Ich habe mich -in der Pause einer MET-Übertragung im Kino- mit zwei Frauen unterhalten, die sagten, dass sie Opern heute lieber im Kino ansehen: „Da ist man vor Überraschungen sicher“
Herwig Erb So, 13.03.2011 16:04 Uhr
Als uralter Verehrer von Frau Ks. Eva Gilhofer sende ich meine Glückwünsche und Alles Liebe!
Robert Kock Fr, 11.03.2011 12:12 Uhr
Die Mitgehzentrale ist eine großartige Idee. Diesem sollten sich andere Theater anschließen.
dr moosmüller Mo, 07.03.2011 00:12 Uhr
liebes theater bremen team!
definitiv teile ich die meinung meiner betagten sitznachbarin nicht, die bereits beim ersten vorhang der heutigen "butterfly" flüsterte: "scheiss inszenierung".... gewöhnungsbedürftig ja, nicht leicht zu verstehen - durchaus, aber ein einfallsreiches bühnenbild, tolle musik, ein engagiertes orchester und ein sehr gutes sängerensemble. v.a. butterfly, suzuki sharpless verdienen einen besonderen applaus.
auf ein baldiges
Michael Müller So, 06.03.2011 23:11 Uhr
Es gibt hier im Gästebuch eine Besprechung zum "Vetter aus Dingsda", die ich keinesfalls teilen kann:
Regie und Dramaturgie haben sich hier m. E. sehr klug und absolut gelungen überlegt, wie man diesen Stück für die Gegenwart retten kann. Dabei konstatiert der Schreiber sehr wohl, dass sich Julia (und auch Hannchen) in eine Traumwelt (die der Zwanziger Jahre) flüchten. Onkel und Tante haben das Kapital "vernichtet", so dass keine Mittel mehr für die Renovierung des baufälligen Hauses (Kompliment ans Bühnenbild) zur Verfügung stehen- und sind folgerichtig als Alt-Achtundsechziger karikiert. Wenn dann der Fremde eintrifft, lässt er sich ein auf das Traumspiel und gelangt auf diese Weise zum Ziel - so ist es auch in der Operette angelegt. Die Musik persifliert an diesen Stellen die Große Oper sehr geschickt - und auch in der Umsetzung durch das Arrangement für die Philharmoniker, das entschlackt ist vom breiten, soßigen Operettenklang. Egon von Wildenhagen ist eine Randfigur, die lediglich Katalysator an zwei Stellen im Stück ist - dies in einem Unterhaltungsstück noch mehr zu vertiefen und zu psychologisieren, hielte ich für unangemessen - sein Part ist dramaturgisch eine Lachfigur, an der sich Julia und Hannchen abarbeiten können, im Gegensatz zu den "echten" Gefühlen, die sie für die beiden Fremden entwickeln. Das kann man natürlich auch ganz ernst machen, aber wie würden dann die beiden Nummern mit ihm noch funktionieren -?

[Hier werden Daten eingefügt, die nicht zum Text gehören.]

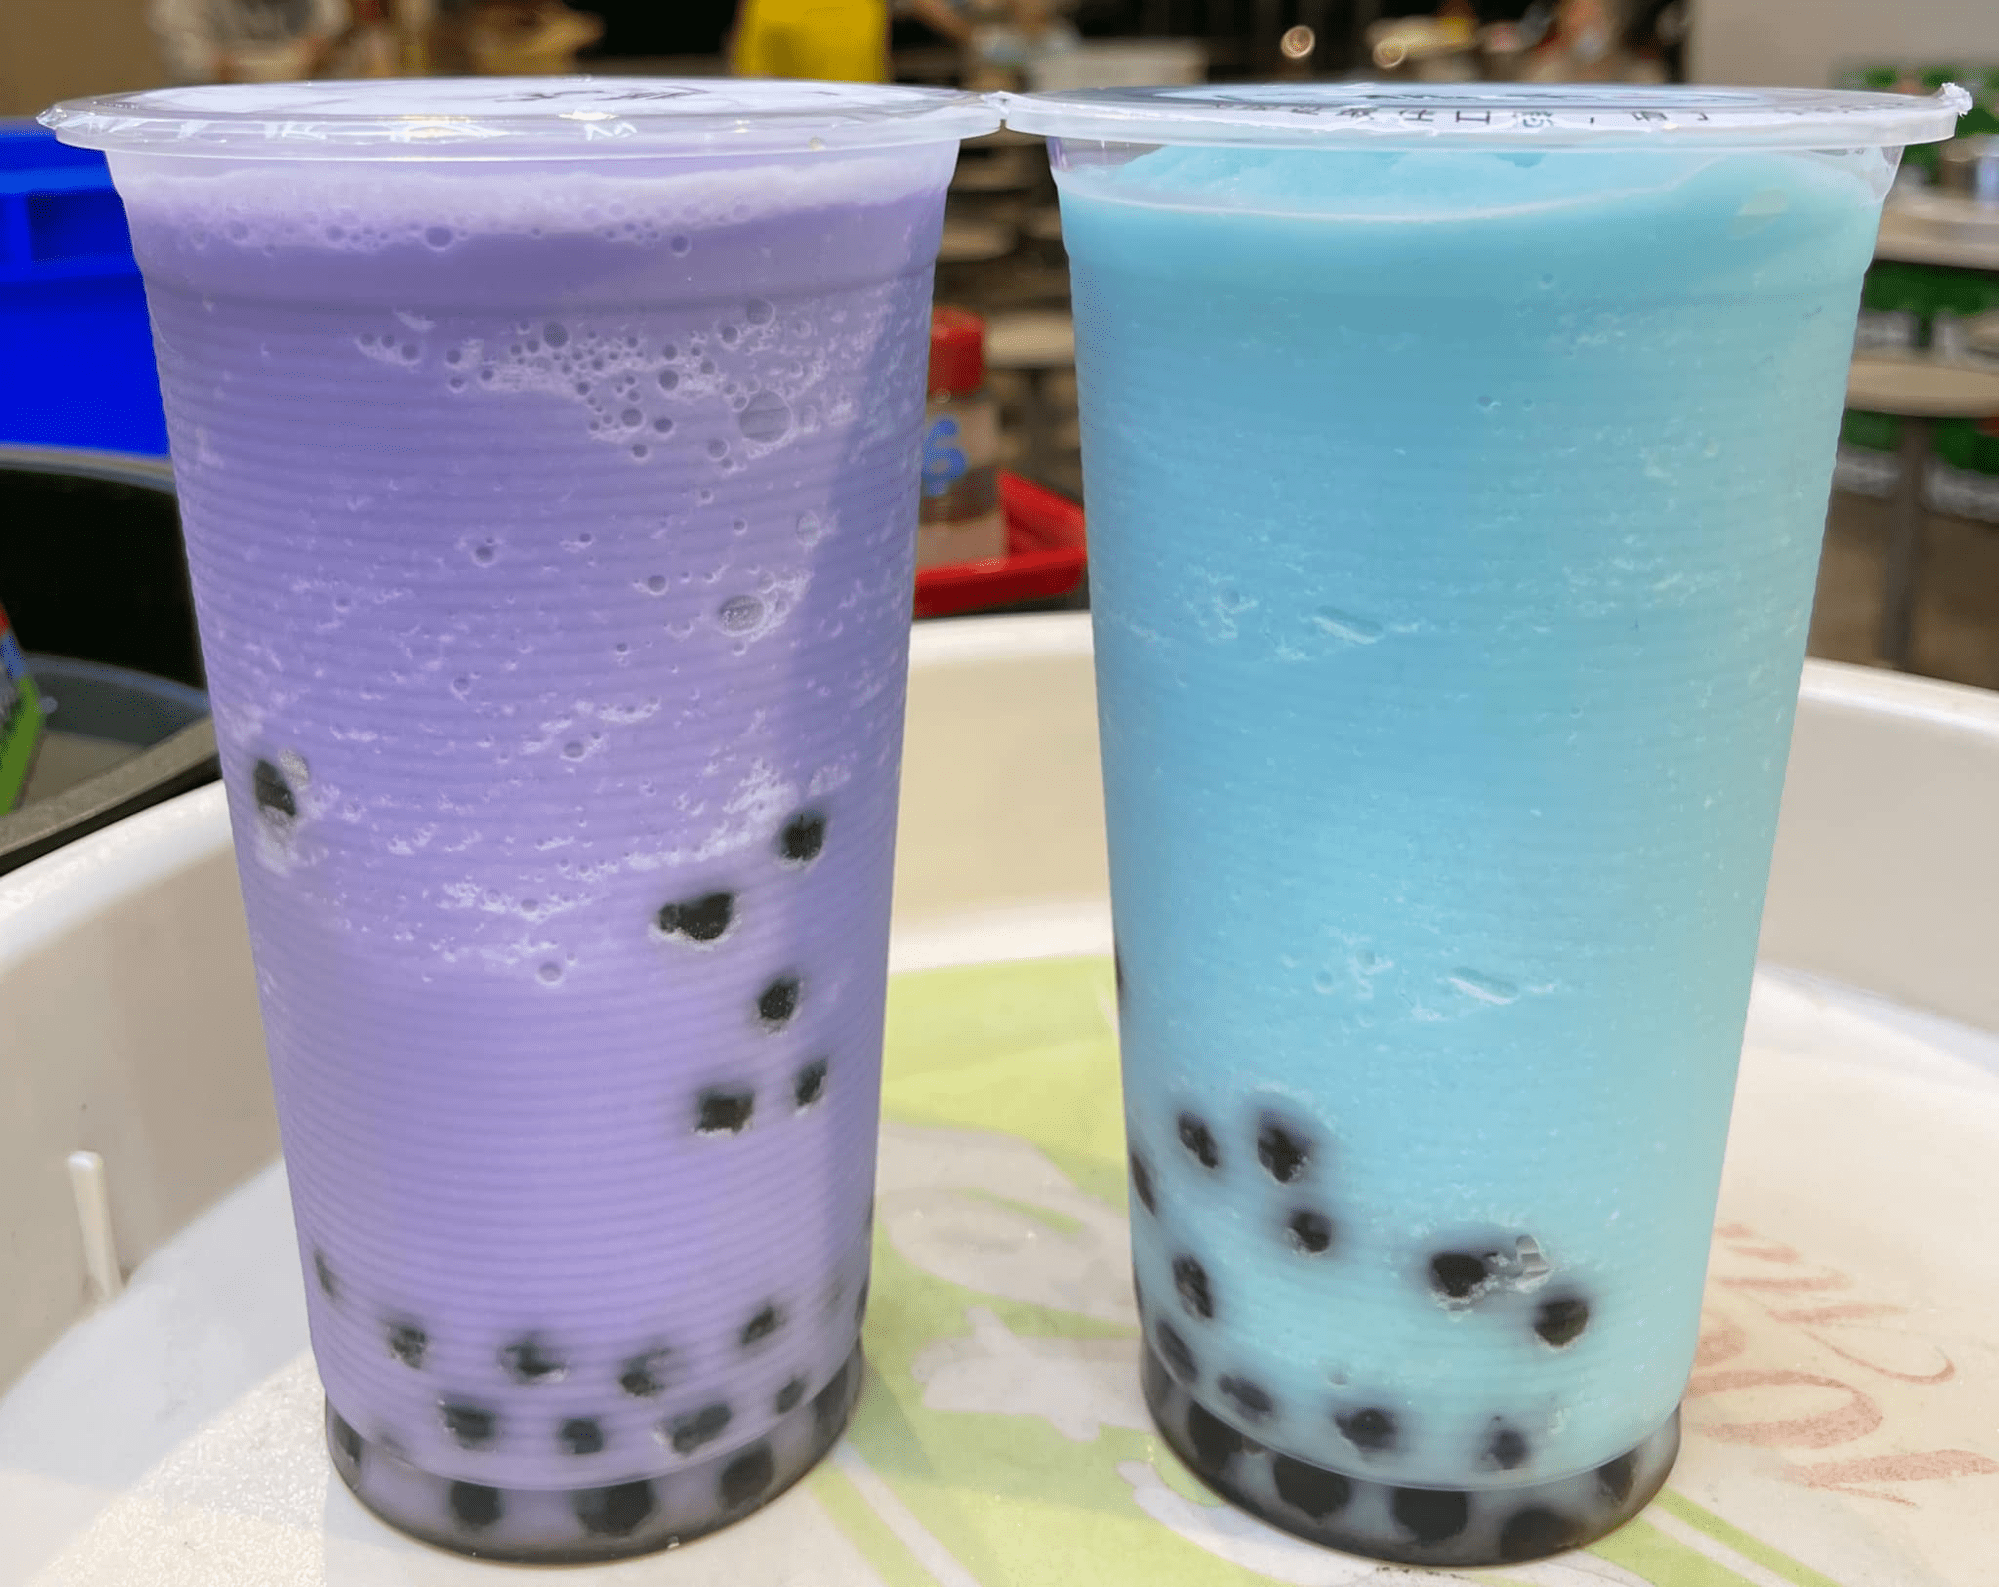 Most Iconic Changes in Singapore - bubble tea

Der "echte" Roderich in seiner jugendlichen Schnodderigkeit ist überaus gut getroffen und durchaus dem Heute entnommen - er ist eben kein Teil der Traumwelt von Julia und bekommt folglich das Hannchen, das es ohnehin vor allem auf das Materielle abgesehen hat.
Die Musik in all ihrer Farbigkeit und ihrem Einfallsreichtum fand ich optimal umgesetzt, sehr schön der Einfall, das Orchester auf der Bühne zu integrieren, so dass man als Zuschauer Teil der Traumwelt von Julia wurde - die Anmerkungen (wie "Weißt Du noch, wie wir das Lied von Eduard Künneke sangen...") weisen wie auch die zahllosen (und hinter Bühne sicher nur mit einer gewissen Artistik zu bewerkstelligenden) Kostümwechsel der Damen darauf hin.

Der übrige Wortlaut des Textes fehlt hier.